Nopony moved. Finally, an unenthusiastic Scootaloo spoke up.
She sighed. "Fine..." She lethargically agreed.
"Fuck yeah!" Pinkie exclaimed, doing a little celebratory dance to compliment her enthusiasm.
Pinkie went off telling her story, while also masturbating furiously to how awesometasticly amazing the story she was about to tell was. It started back where Pinkie grew up: the rock farm. Pinkie always hated that place more and more every time she looked back on it. It was so many years of unhappiness, loneliness, and boredom that kept her from being how she is today.
The day Pinkie lost her virginity was the day that her father and mother decided to have the children move all the rocks from the east field to the south field. It was a boring, monotonous, and gay as fuck task that nopony wanted to do. 16 out of 19 of Pinkie's siblings killed themselves because of how gay of a task it was.
Pinkie, Inkie, Blinkie, and Clyde started to do their job while their parents sat back and masturbated violently to the PGA masters tournament. Pinkie and the others worked hard to complete the large task at hoof. However, their efforts were cut a little short when Clyde tried to propose to his sister, Inkie, with a rock ring. She wasn't impressed at all, and threw a bucket of cum at him. Clyde drowned in the massive amount of cum that he was subjected to, and no one attended his funeral.
Pinkie pushed a lonesome rock into a pile of its acquaintances. She sighed. Without Bernino, Abagail, Paco, Maria, Olga, Jean, Jeff, Machovario, Inglip, Dainbow Rash, Sabrina, Jeremiah, Charlie, Mary-Kate, Ashley, Winslow, and now Clyde; Pinkie's life on the farm was going to be all too impossible for her to hang on to the dying motivation she had inside of her. Pinkie already formulated her plans for later as she stood in front of a rock pile. She was going to mix some ammonia and bleach and inhale deeply. Perfect. However, Pinkie heard a loud explosion that jumbled her thoughts and shook her whole body. She looked up to see a Rainbow shockwave followed by the absolute, most vivid Rainbow ever witnessed by pony eyes.
As the rainbow shockwave passed Pinkie by, it sent waves of cool wind through her mane and tail, poofing them out. It was kind of like a hair erection, also known as a hairection. Pinkie looked up at the bright, shining rainbow before her, with her hairection in full swing, and smiled for the first time in her filly life. Her eyes shone as she smiled wider and wider with each second she stared at that rainbow.
"It was unlike anything I had ever felt before! I just wanted to keep smiling forever! I also wondered how else I could create that feeling I experienced in others..." Present day Pinkie Pie said.
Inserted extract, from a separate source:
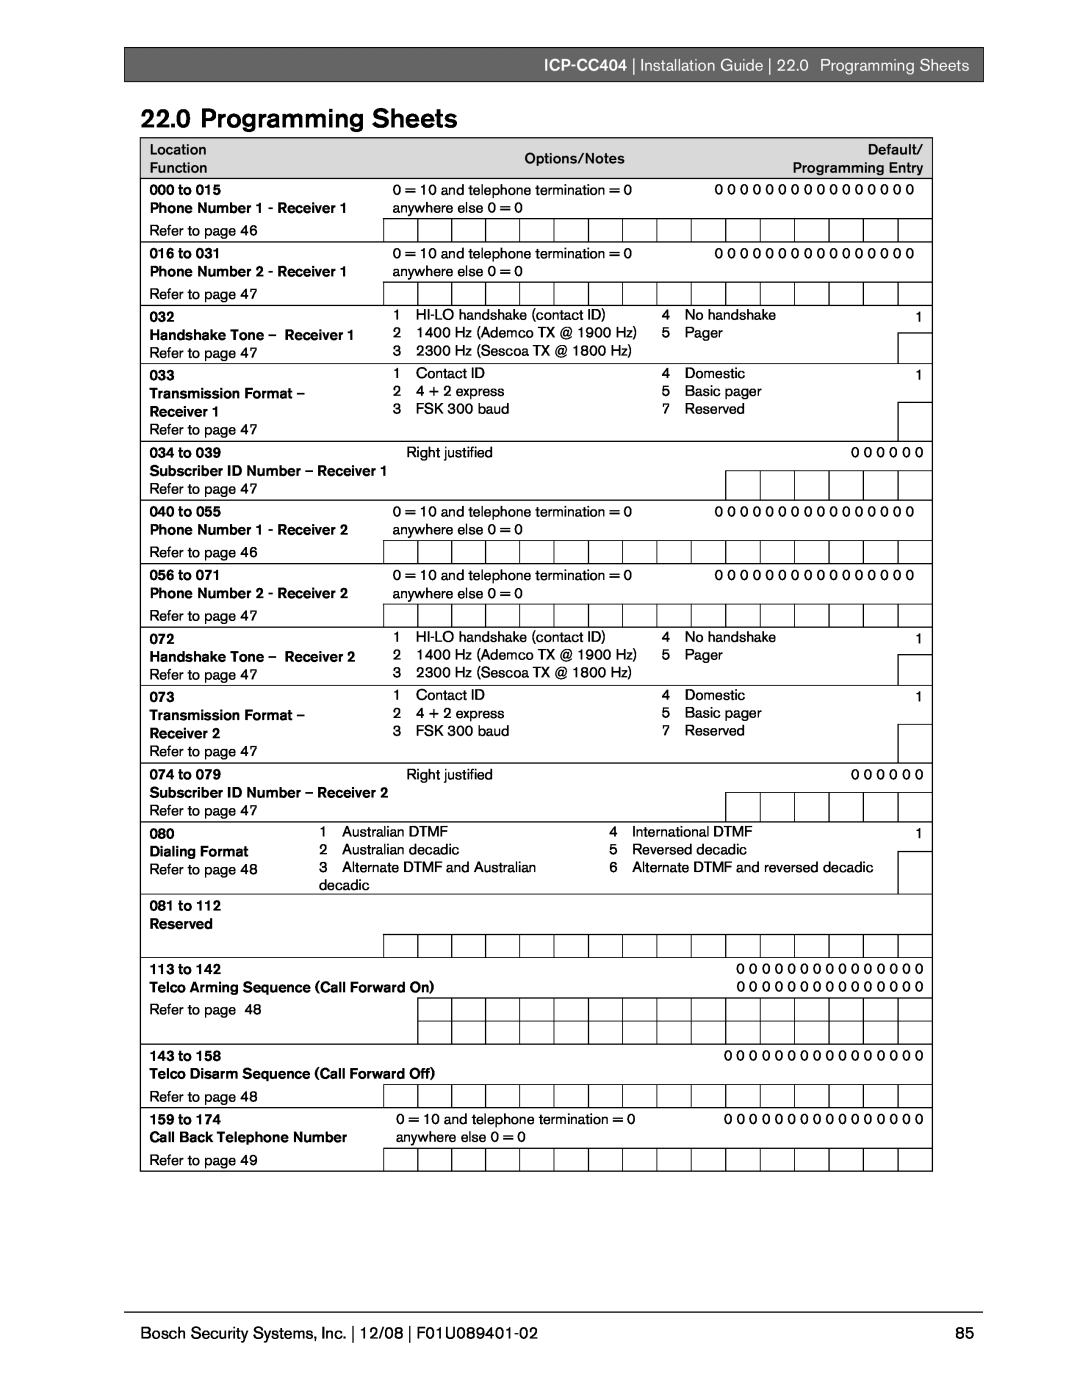 Bosch Appliances ICP-CC404 manual Programming Sheets

Past Pinkie Pie went into the Mormon Church that night, and when Sunday morning rolled around, Pinkies family went into the church to pray. Her family stopped dead in their tracks however, when they passed by the bathrooms and heard stifled moans coming from inside. Pinkie's father barged in, with his wife and two remaining kids, and say Pinkie laying in the middle of the floor, surrounded by other ponies (male and female) who naked and having sex.
"Hiya guys! This is something I came up with! I call it, "an orgy"! Do you like it??" she said, smiling.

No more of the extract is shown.